## Exercise objective
Find the line with "Roblox-hahmot huvipuistolaitteessa, taustalla" in the data below. Repeat it and every line after it up to the end, exactly, but drop the pictures.

## Available data
▼

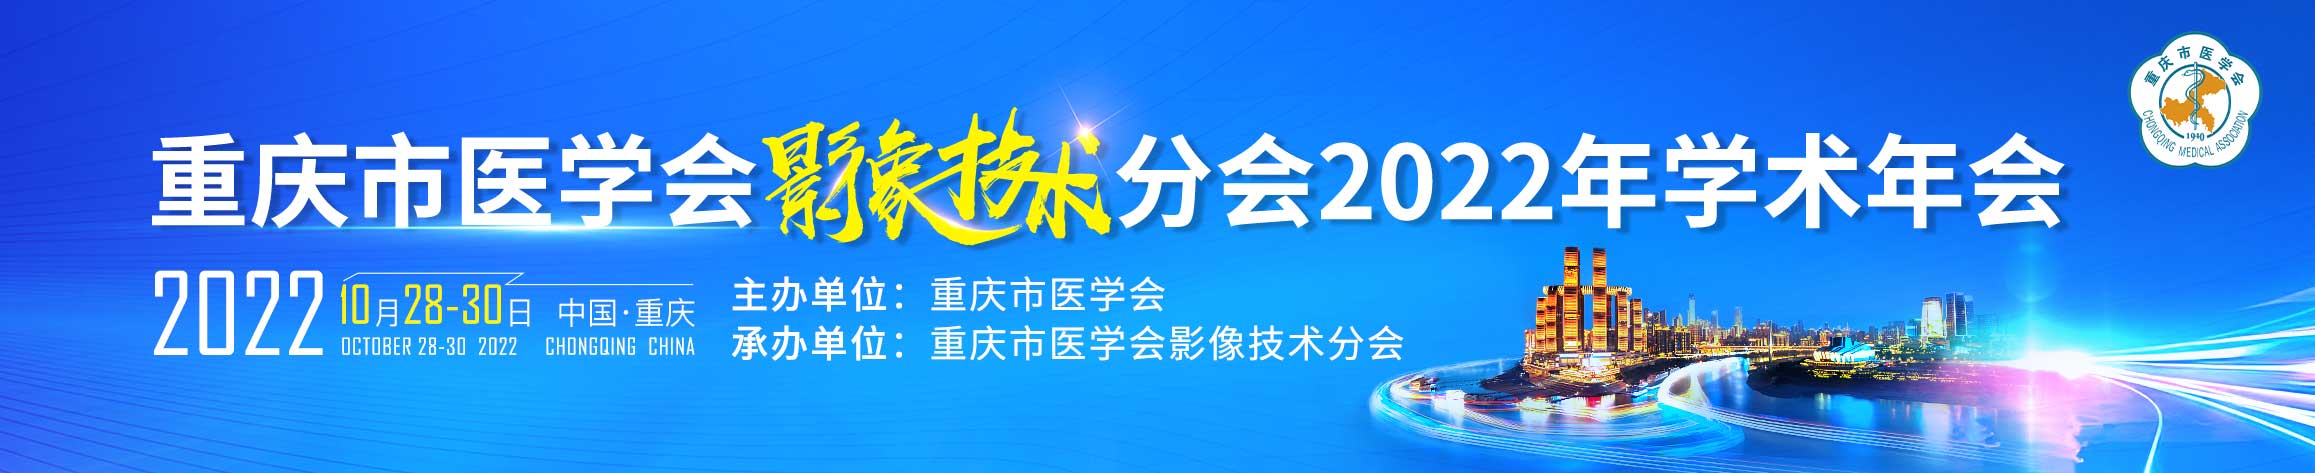 重庆市医学会影像技术分会2022年学术年会
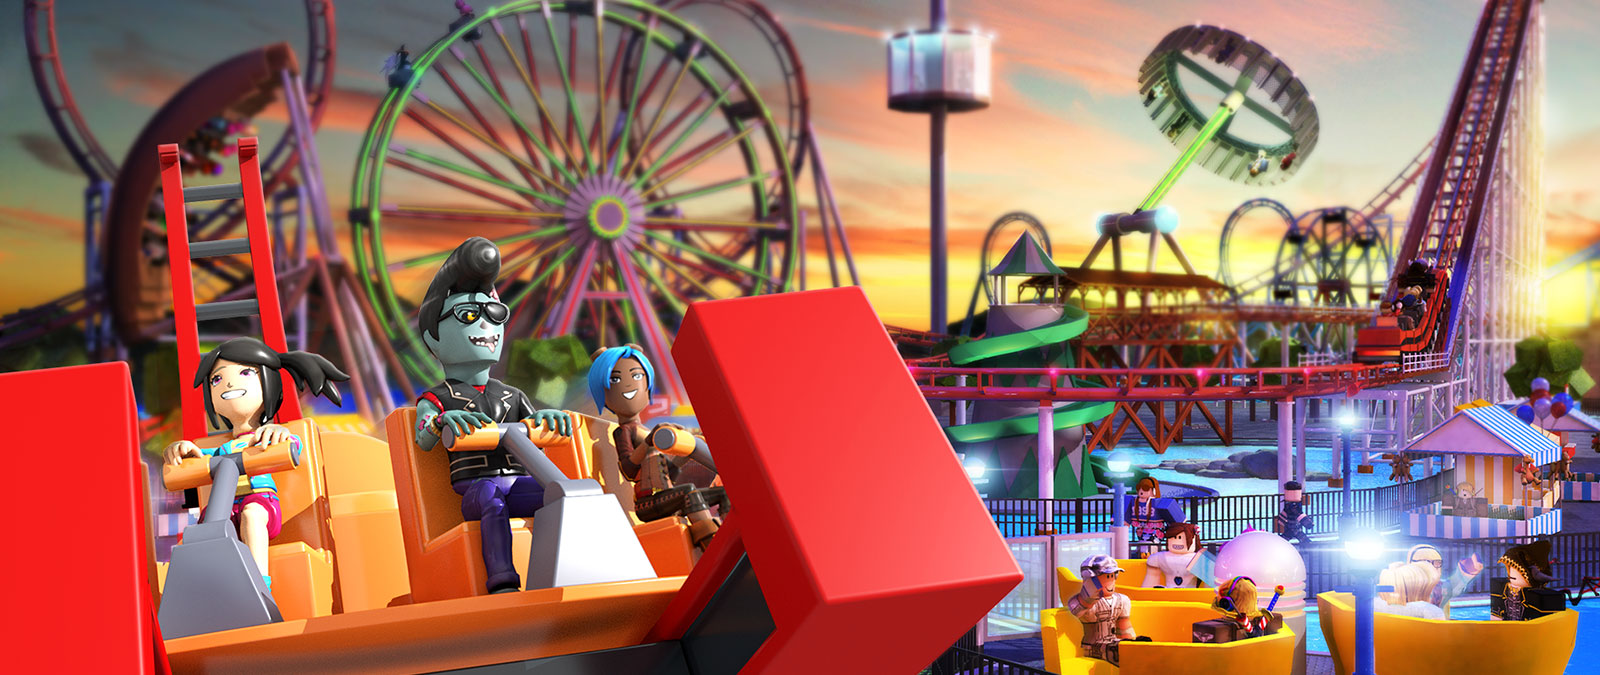 Roblox-hahmot huvipuistolaitteessa, taustalla vuoristorata ja maailmanpyörä Theme Park Tycoonissa
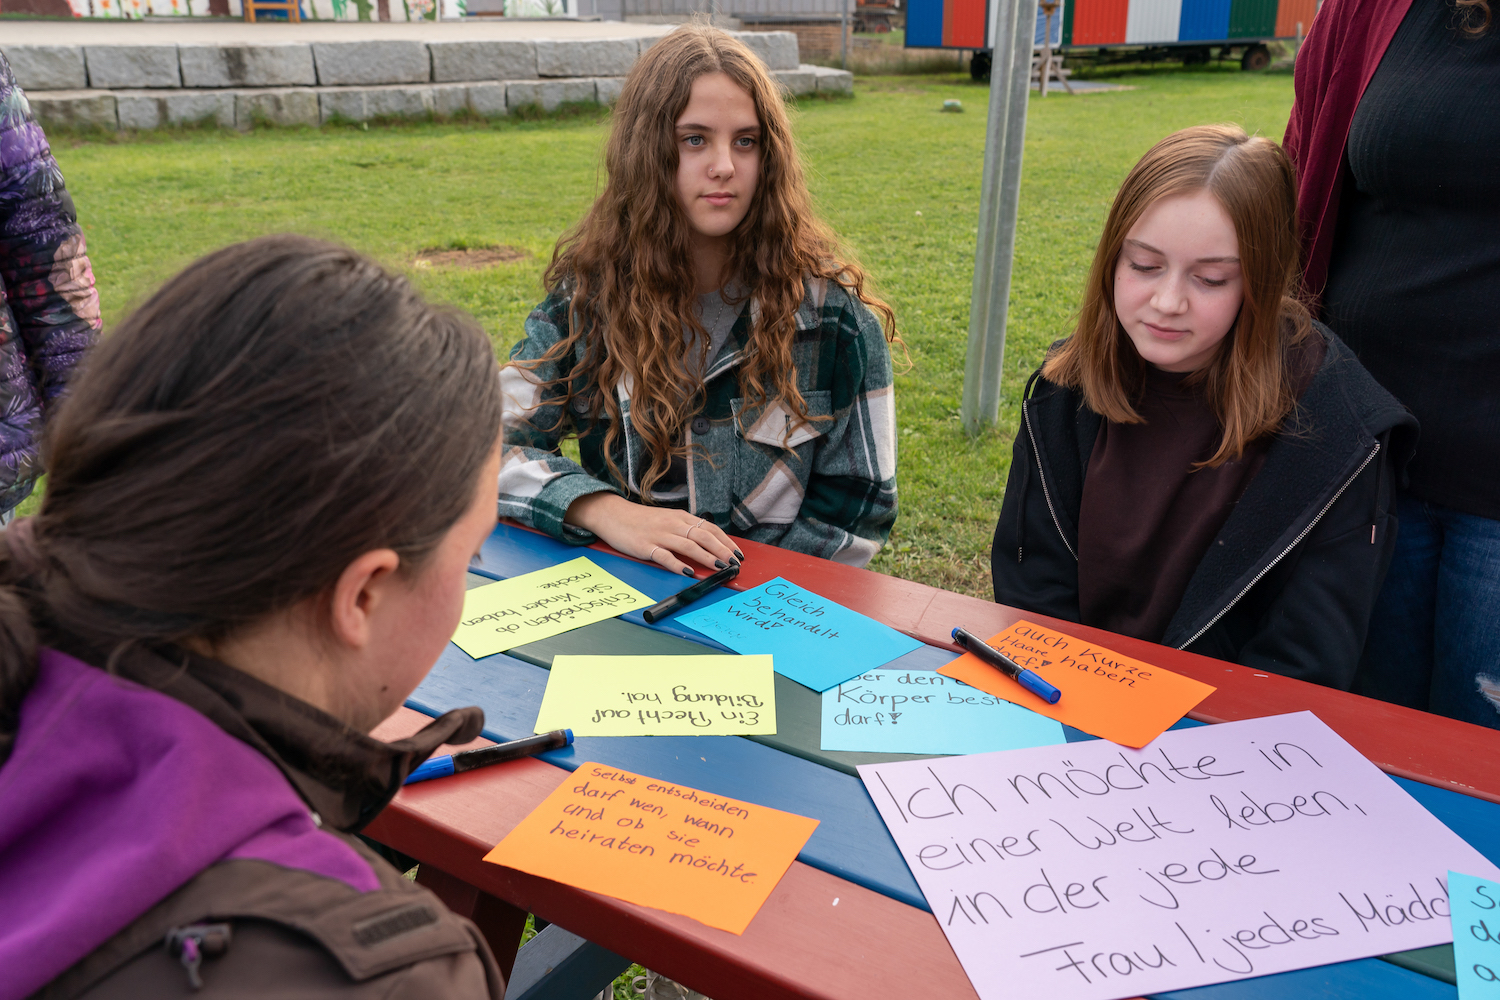 Drei Jugendliche sitzen an einem Tisch auf einer Wiese, auf dem Zettel mit verschiedenen Wünschen für Mädchen und Frauen auf der ganzen Welt

▲

## Solution
 Roblox-hahmot huvipuistolaitteessa, taustalla vuoristorata ja maailmanpyörä Theme Park Tycoonissa
 Drei Jugendliche sitzen an einem Tisch auf einer Wiese, auf dem Zettel mit verschiedenen Wünschen für Mädchen und Frauen auf der ganzen Welt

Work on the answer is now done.